Foray Into Privatizing Roads Is Discouraging Some, but Others See Eventual Success

March 01, 1998|ERIC BAILEY | TIMES STAFF WRITER

SACRAMENTO — It was a grand experiment, the first push to begin privatizing California's public highway network: In 1989, state legislators gave big business permission to build four toll roads in traffic-snarled sections of the state.

The intentions were noble, but critics say the effort has largely been a flop.

Only one of the projects--a set of toll lanes to relieve traffic along the bottle-necked Riverside Freeway into Orange County--has been built. A second tollway in San Diego County is inching ahead with environmental clearance, years behind schedule.

Two others--an elevated expressway down the Santa Ana River in Orange County and a back-country route in fast-growing Alameda and Contra Costa counties--are on hold and may be dead, victims of lofty sticker prices and political opposition.

"It's simply not panning out," said John Stevens, a transportation expert who works for the Legislature. "None of these projects have performed to the expectation state lawmakers had and most certainly not to the expectation the business community had."

The state's stumbling step into highway privatization comes as planners around the state and nation continue to push for more toll projects. Proposals include having motorists in Los Angeles pay for using car-pool lanes and long-range efforts to build tollways around Southern California.

But given the troubles, even the most ardent advocates of privatization have begun to question whether a free market approach is the right one for roads.

"It's been much slower than any of us expected," said Robert W. Poole, president of the Reason Foundation, a free-market think tank in Los Angeles. "In much of the U.S., including California, it has been difficult to build these roads because of all the environmental impacts and general opposition to new roads as well as paying tolls."

With years of environmental reviews to overcome and no solid guarantees that a road would even be built, some private sector executives say the risk of tackling toll projects is too great.

"I know our parent companies would not get into another one again, not unless it already had environmental approval," said Kent A. Olsen, president of California Transportation Ventures, which hopes to have the San Diego tollway finished by 2001, five years late. "Had we known it would take this long, we never would have started."

Boosters of the highway privatization effort agree that tinkering is needed in state law to ease the risk of such ventures. But they insist that toll roads remain firmly in California's future.

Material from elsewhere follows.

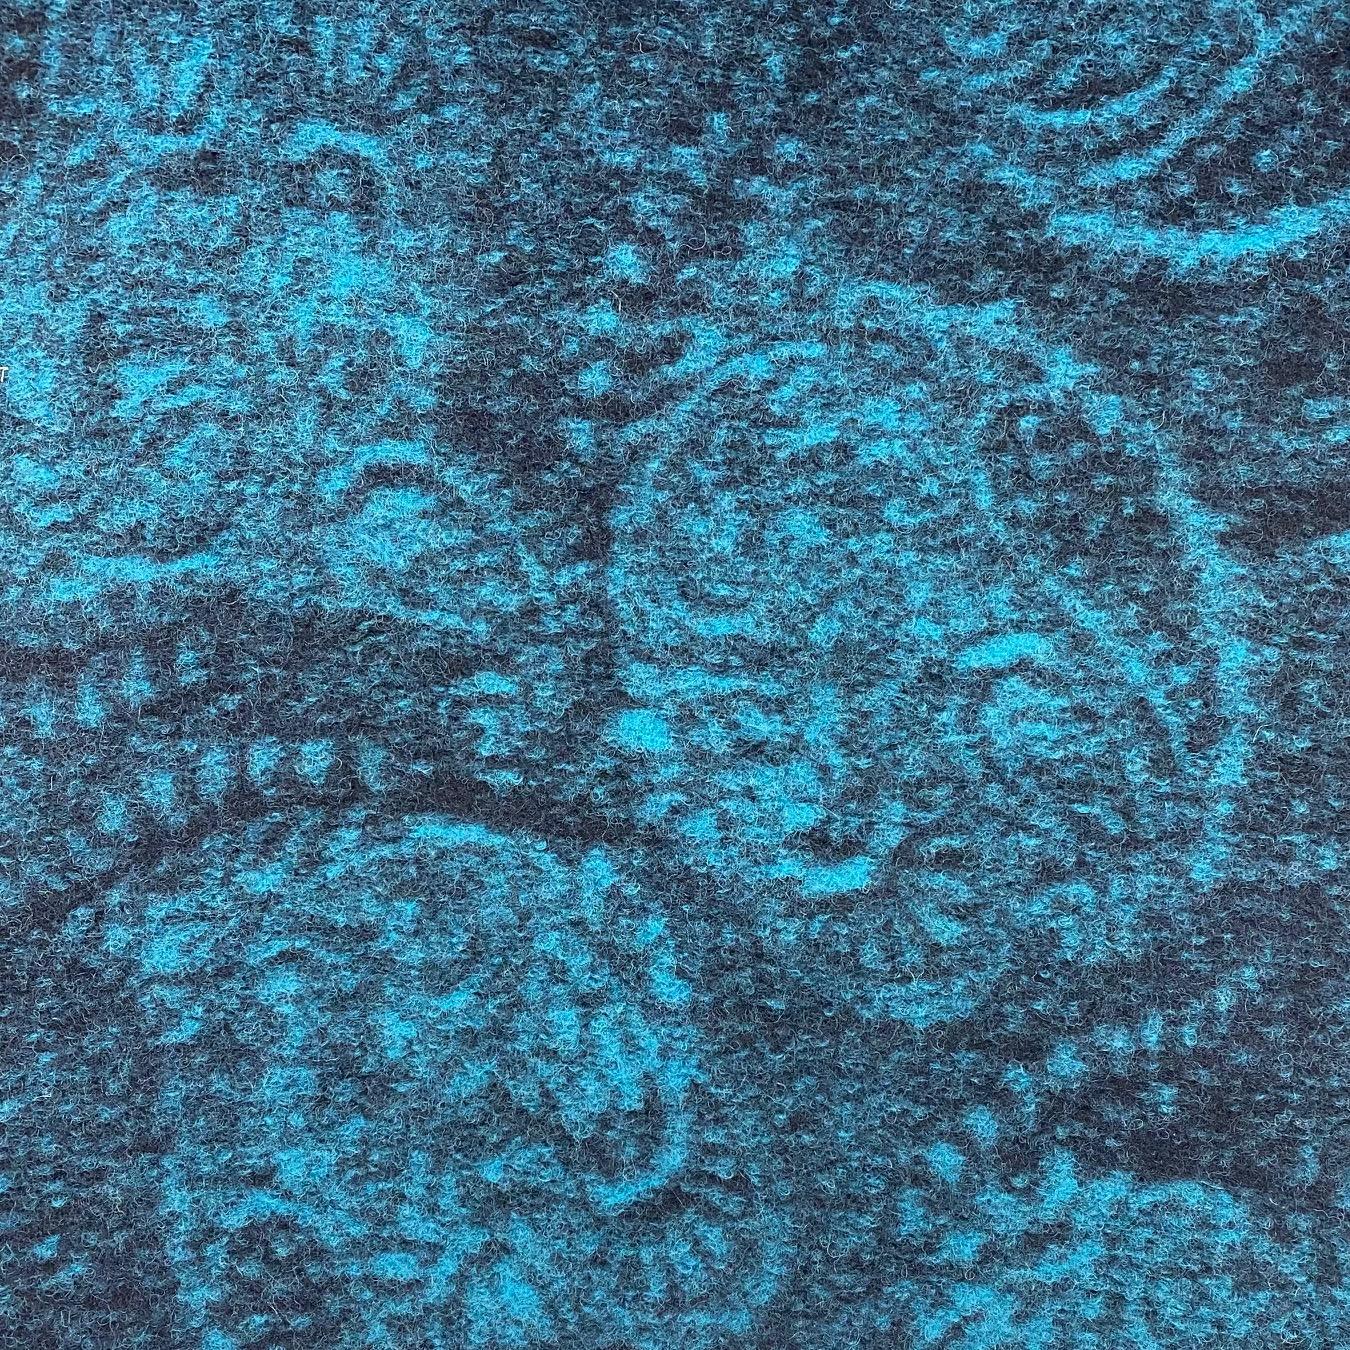 Walkstrick, Wolle gemustert, petrol/grau.  Art. 4721-04

"Pioneering efforts like this are equivalent to being the point man walking through a minefield," said Carl Williams, a state Business, Transportation and Housing Agency deputy secretary. "You are going to step on some mines. These projects have gone through all the hardships, the criticism, the politics, the environmental difficulties. But they will make it easier for those that come after."

Boosters say toll roads are inevitable for several reasons.

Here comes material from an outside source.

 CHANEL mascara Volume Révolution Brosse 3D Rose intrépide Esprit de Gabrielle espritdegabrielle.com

As traffic has increased on the state's highways, money for road construction has plummeted because gas tax funds have dwindled as automobile fuel economy improves. The state is simply strapped for cash to build freeways. Meanwhile, the state can't afford the bond debt needed to build tollways on its own.

"You have only so big a financial pie for roads," Williams said. "But once you bring private capital to the effort, you make the pie larger. That's what we're trying to do."

The real stumbling block for the private firms has been the environmental review process, which has proved too time consuming, costly and risky.

A preferable alternative, some say, would be to have state or local governments finance and conduct the environmental reviews. Once a project has been approved, a private firm could repay government the costs it has incurred and then finance and build the road.

With the possibility of failure reduced, a private firm could get better financing, the government could demand a heftier slice of profits, and lower tolls could be charged to motorists, the theory goes.

"That's where the risk comes in these projects," said Mark Watts, a lobbyist who helped push the 1989 law while he was a legislative staffer. "You've got several years of environmental clearance, and you're not making any money. If a project is waived off, you may have sunk millions into it with nothing to show."

*

Efforts to change the law have failed in the state Capitol. On at least four occasions, bills have been introduced to tweak the legislation. None has escaped the first committee.

Privatization backers blame it on state Sen. Bill Lockyer (D-Hayward), a former Senate leader and an ardent foe of the Bay Area's Mid-State Tollway, which even the most devout privateers consider dead.